Re: Performance issues with small files

[Date Prev][Date Next][Thread Prev][Thread Next][Date Index][Thread Index]

 



Thats correct.  We created 65k buckets, using two hex characters as the naming convention, then stored the files in each container based on their first two characters in the file name.  The end result was 20-50 files per bucket.  Once all of the buckets were created and files were being loaded, we still observed an increase in latency overtime.

Is there a way to disable indexing?  Or are there other settings you can suggest to attempt to speed this process up?


On Wed, Sep 4, 2013 at 5:21 PM, Mark Nelson <mark.nelson@xxxxxxxxxxx> wrote:
Just for clarification, distributing objects over lots of buckets isn't helping improve small object performance?

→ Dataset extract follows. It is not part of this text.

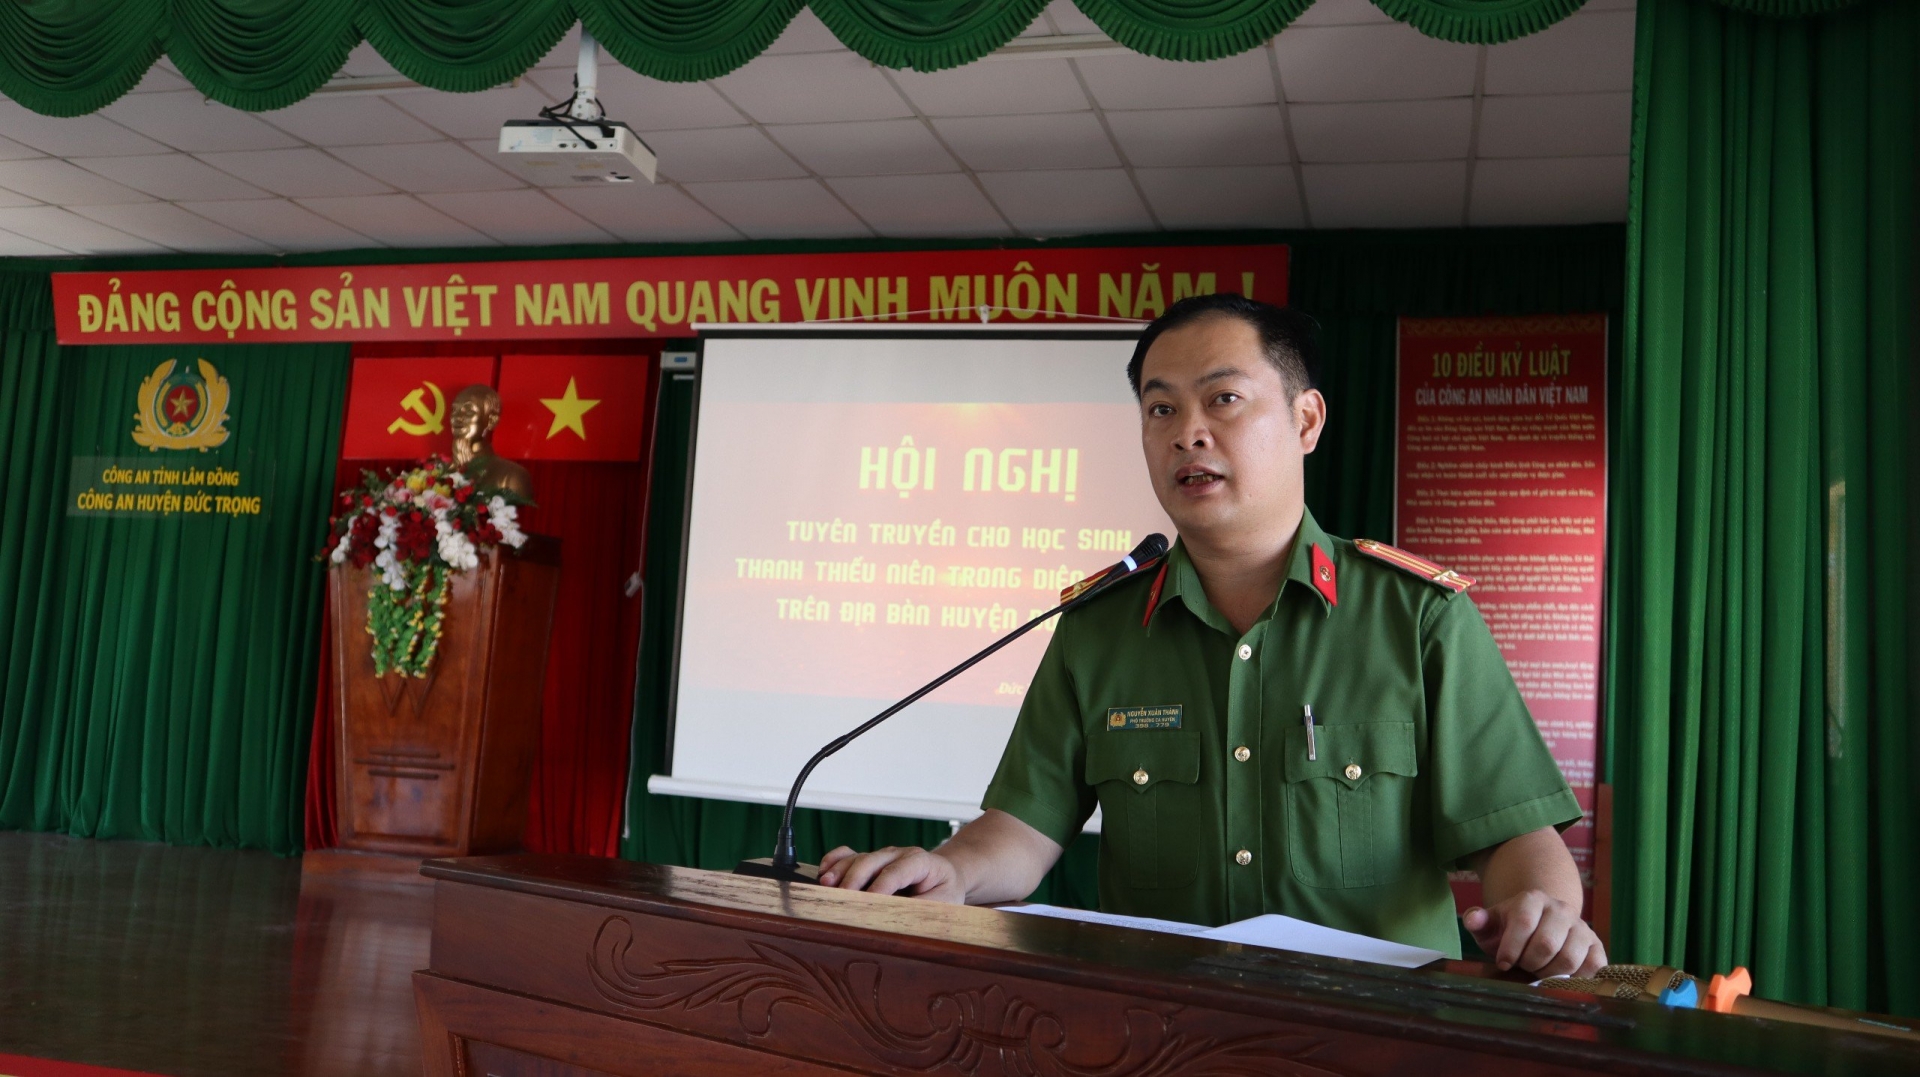 Trung tá Nguyễn Xuân Thành - Phó Trưởng Công an huyện Đức Trọng trong buổi tuyên truyền cho học sinh, thanh thiếu niên

The degradation over time is similar to something I've seen in the past, with higher numbers of seeks on the underlying OSD device over time.  Is it always (temporarily) resolved writing to a new empty bucket?

Mark


On 09/04/2013 02:45 PM, Bill Omer wrote:
We've actually done the same thing, creating 65k buckets and storing
20-50 objects in each.  No change really, not noticeable anyway


On Wed, Sep 4, 2013 at 2:43 PM, Bryan Stillwell
<bstillwell@xxxxxxxxxxxxxxx <mailto:bstillwell@photobucket.com>> wrote:

    So far I haven't seen much of a change.  It's still working through
    removing the bucket that reached 1.5 million objects though (my
    guess is that'll take a few more days), so I believe that might have
    something to do with it.

    Bryan


    On Wed, Sep 4, 2013 at 12:14 PM, Mark Nelson
    <mark.nelson@xxxxxxxxxxx <mailto:mark.nelson@inktank.com>> wrote:

        Bryan,

        Good explanation.  How's performance now that you've spread the
        load over multiple buckets?

        Mark

        On 09/04/2013 12:39 PM, Bryan Stillwell wrote:

            Bill,

            I've run into a similar issue with objects averaging
            ~100KiB.  The
            explanation I received on IRC is that there are scaling
            issues if you're
            uploading them all to the same bucket because the index
            isn't sharded.
               The recommended solution is to spread the objects out to
            a lot of
            buckets.  However, that ran me into another issue once I hit
            1000
            buckets which is a per user limit.  I switched the limit to
            be unlimited
            with this command:

            radosgw-admin user modify --uid=your_username --max-buckets=0

            Bryan


            On Wed, Sep 4, 2013 at 11:27 AM, Bill Omer
            <bill.omer@xxxxxxxxx <mailto:bill.omer@xxxxxxxxx>
            <mailto:bill.omer@xxxxxxxxx <mailto:bill.omer@xxxxxxxxx>>>

            wrote:

                 I'm testing ceph for storing a very large number of
            small files.
                   I'm seeing some performance issues and would like to
            see if anyone
                 could offer any insight as to what I could do to
            correct this.

                 Some numbers:

                 Uploaded 184111 files, with an average file size of
            5KB, using
                 10 separate servers to upload the request using Python
            and the
                 cloudfiles module.  I stopped uploading after 53
            minutes, which
                 seems to average 5.7 files per second per node.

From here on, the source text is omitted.